The main issues are:
- To maintain/keep track of the page size per "segment" (as we can
only have one page size per segment on powerpc, which are 256MB
divisions of the address space).
- To make sure special mappings stay within their allotted
"segments" (including MAP_FIXED crap)
- To make sure everybody else doesn't mmap/brk/grow_stack into a
"segment" that is used for a special mapping
Some of the necessary mechanisms to handle that were present in the
hugetlbfs code, but mostly in ways not suitable for anything else.
The patch relies on some changes to the generic get_unmapped_area()
that just got merged. It still hijacks hugetlb callbacks here or
there as the generic code hasn't been entirely cleaned up yet but
that shouldn't be a problem.
So what is a slice ? Well, I re-used the mechanism used formerly by our
hugetlbfs implementation which divides the address space in
"meta-segments" which I called "slices". The division is done using
256MB slices below 4G, and 1T slices above. Thus the address space is
divided currently into 16 "low" slices and 16 "high" slices. (Special
case: high slice 0 is the area between 4G and 1T).
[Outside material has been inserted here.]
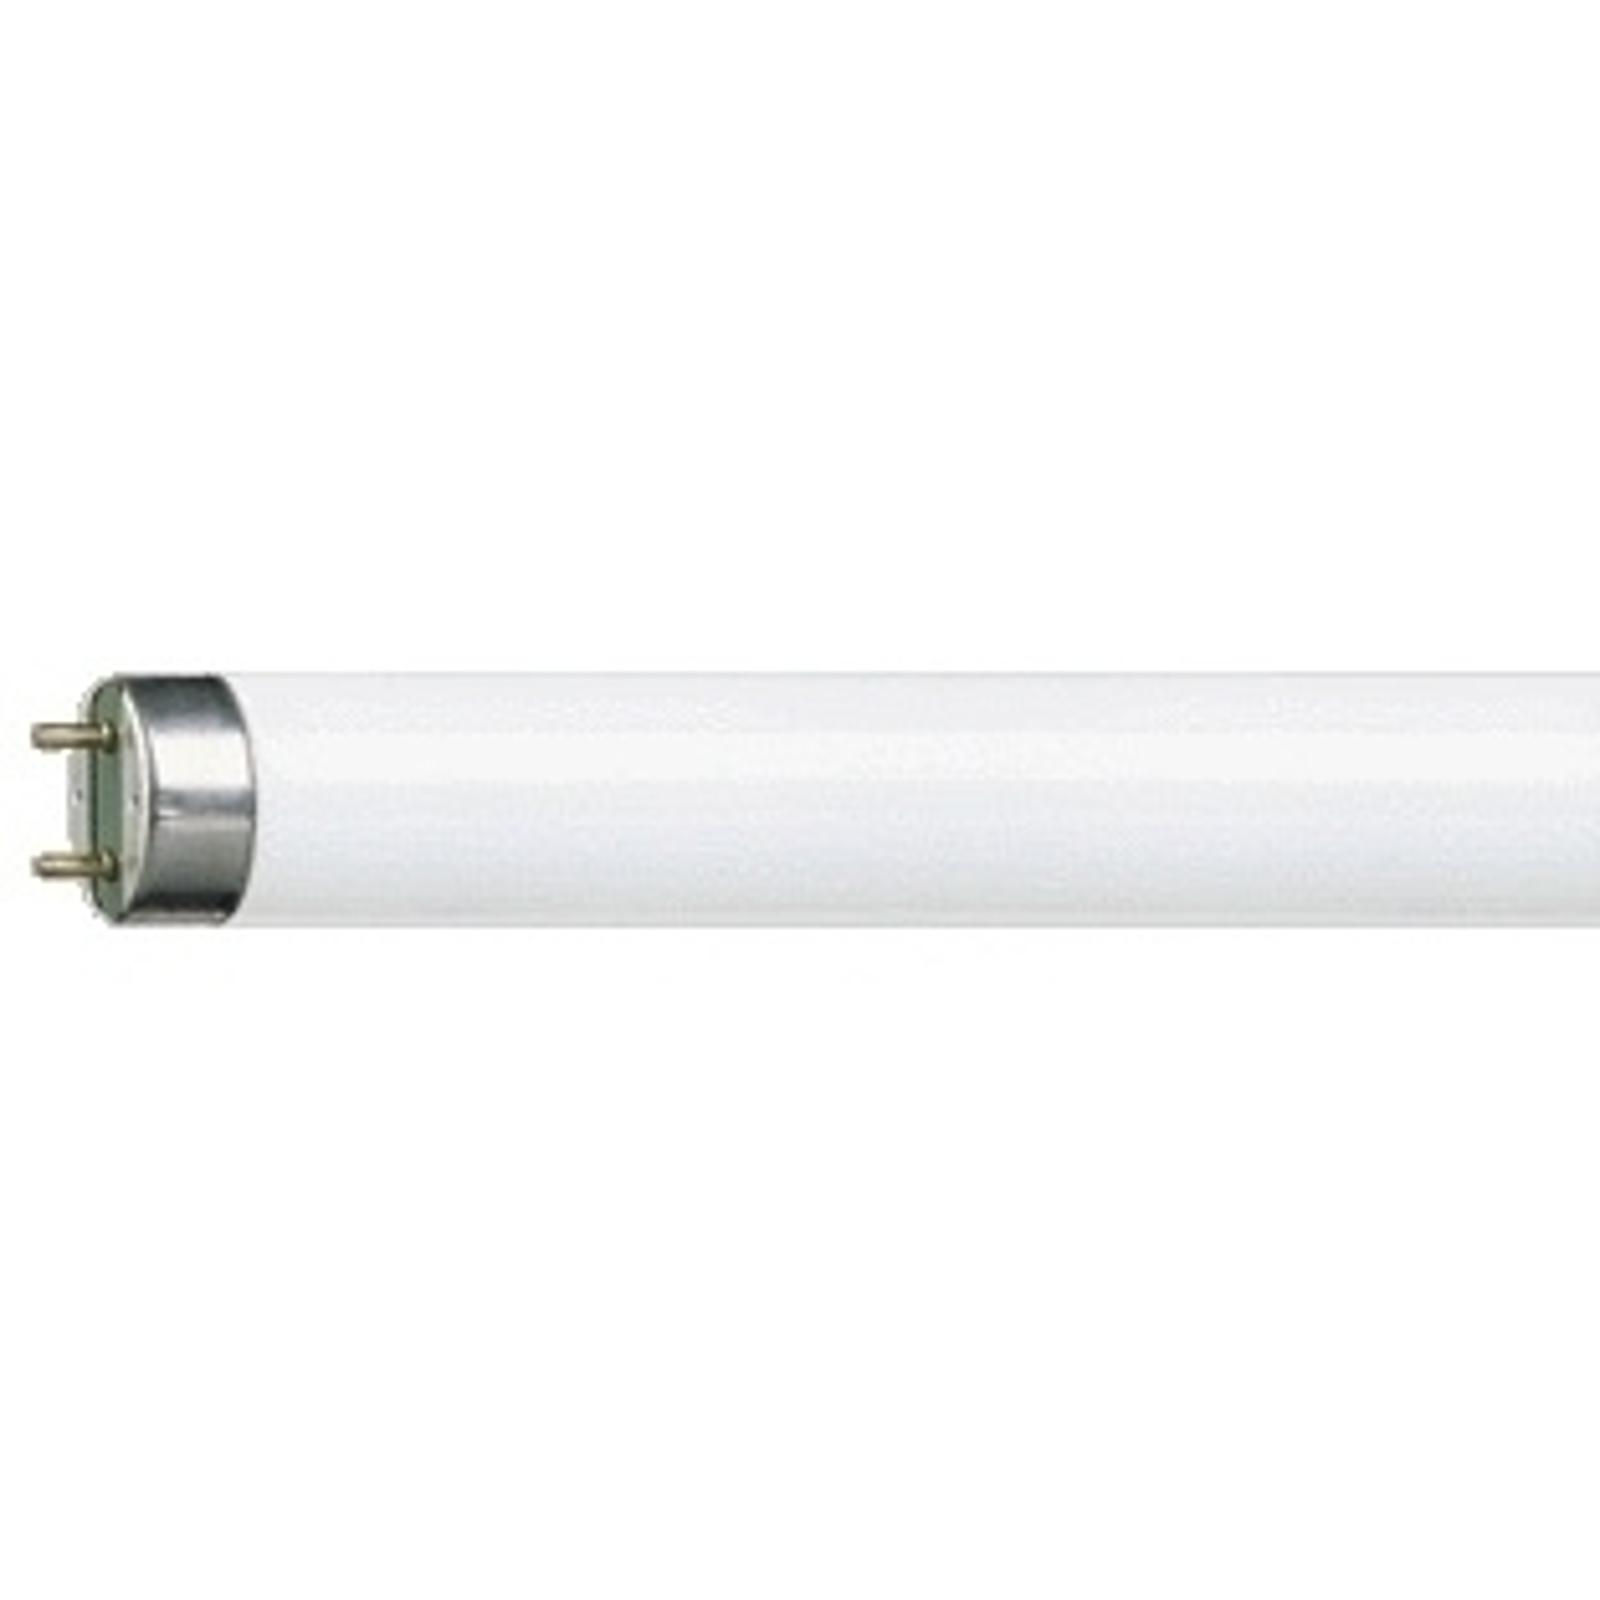 Leuchtstoffröhre G13 T8 30W MASTER TL-D Super 865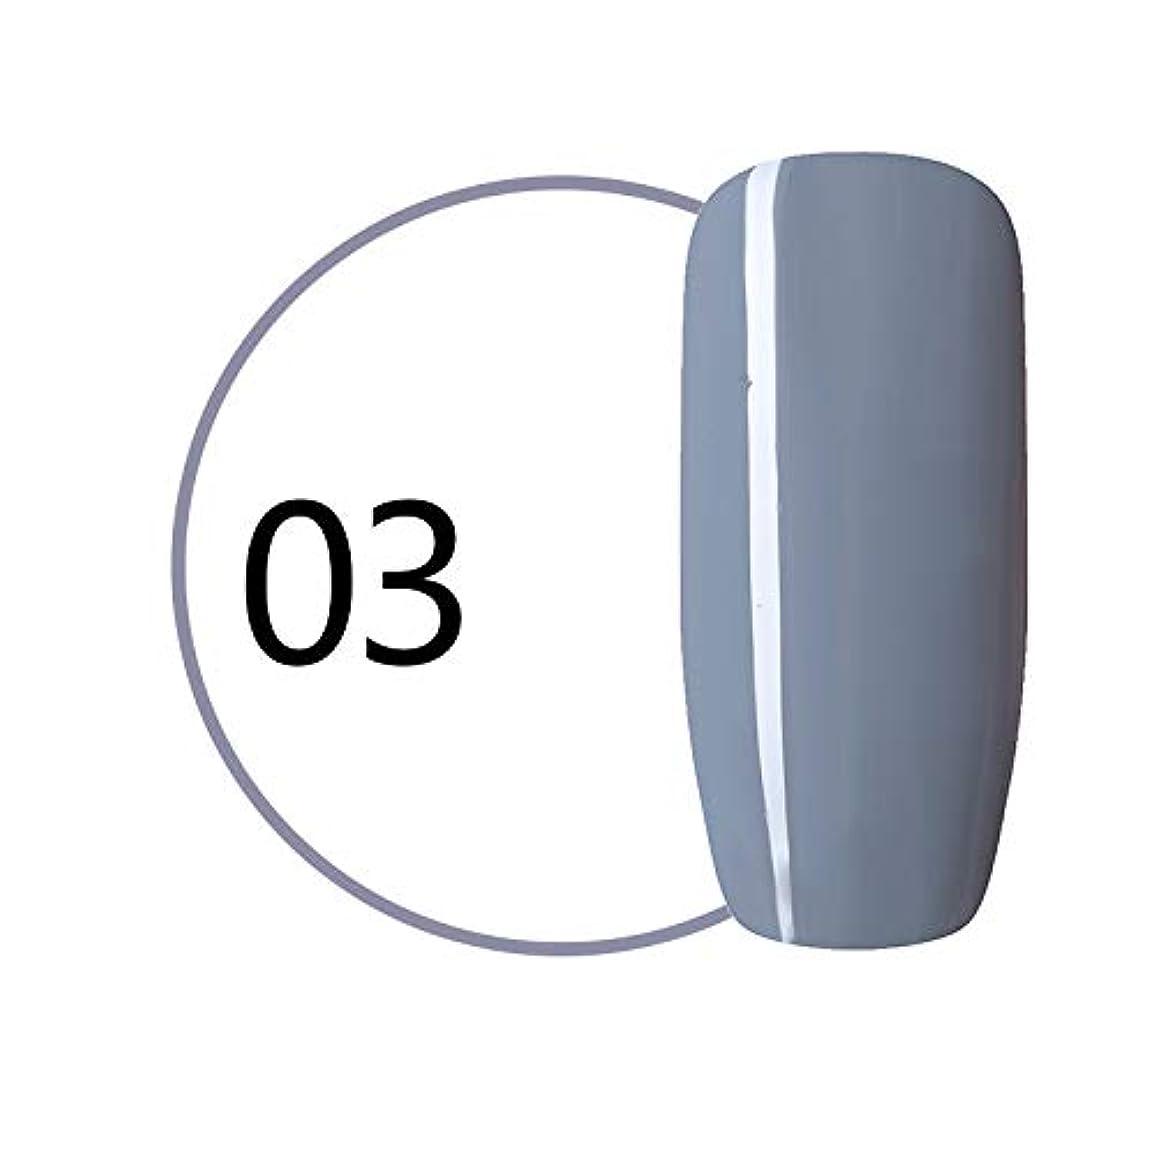 四回用量とティームSymboat マニキュア ソークオフ UV LED ネイルジェルポリッシュ ワイングレーシリーズ ネイル用品 女優 人気 初心者にも対応 安全 無毒

Doing so simplifies significantly the tracking of segments and avoids
having to keep track of all the 256MB segments in the address space.
While I used the "concepts" of hugetlbfs, I mostly re-implemented
everything in a more generic way and "ported" hugetlbfs to it.
Slices can have an associated page size, which is encoded in the mmu
context and used by the SLB miss handler to set the segment sizes. The
hash code currently doesn't care, it has a specific check for hugepages,
though I might add a mechanism to provide per-slice hash mapping
functions in the future.
The slice code provide a pair of "generic" get_unmapped_area() (bottomup
and topdown) functions that should work with any slice size. There is
some trickiness here so I would appreciate people to have a look at the
implementation of these and let me know if I got something wrong.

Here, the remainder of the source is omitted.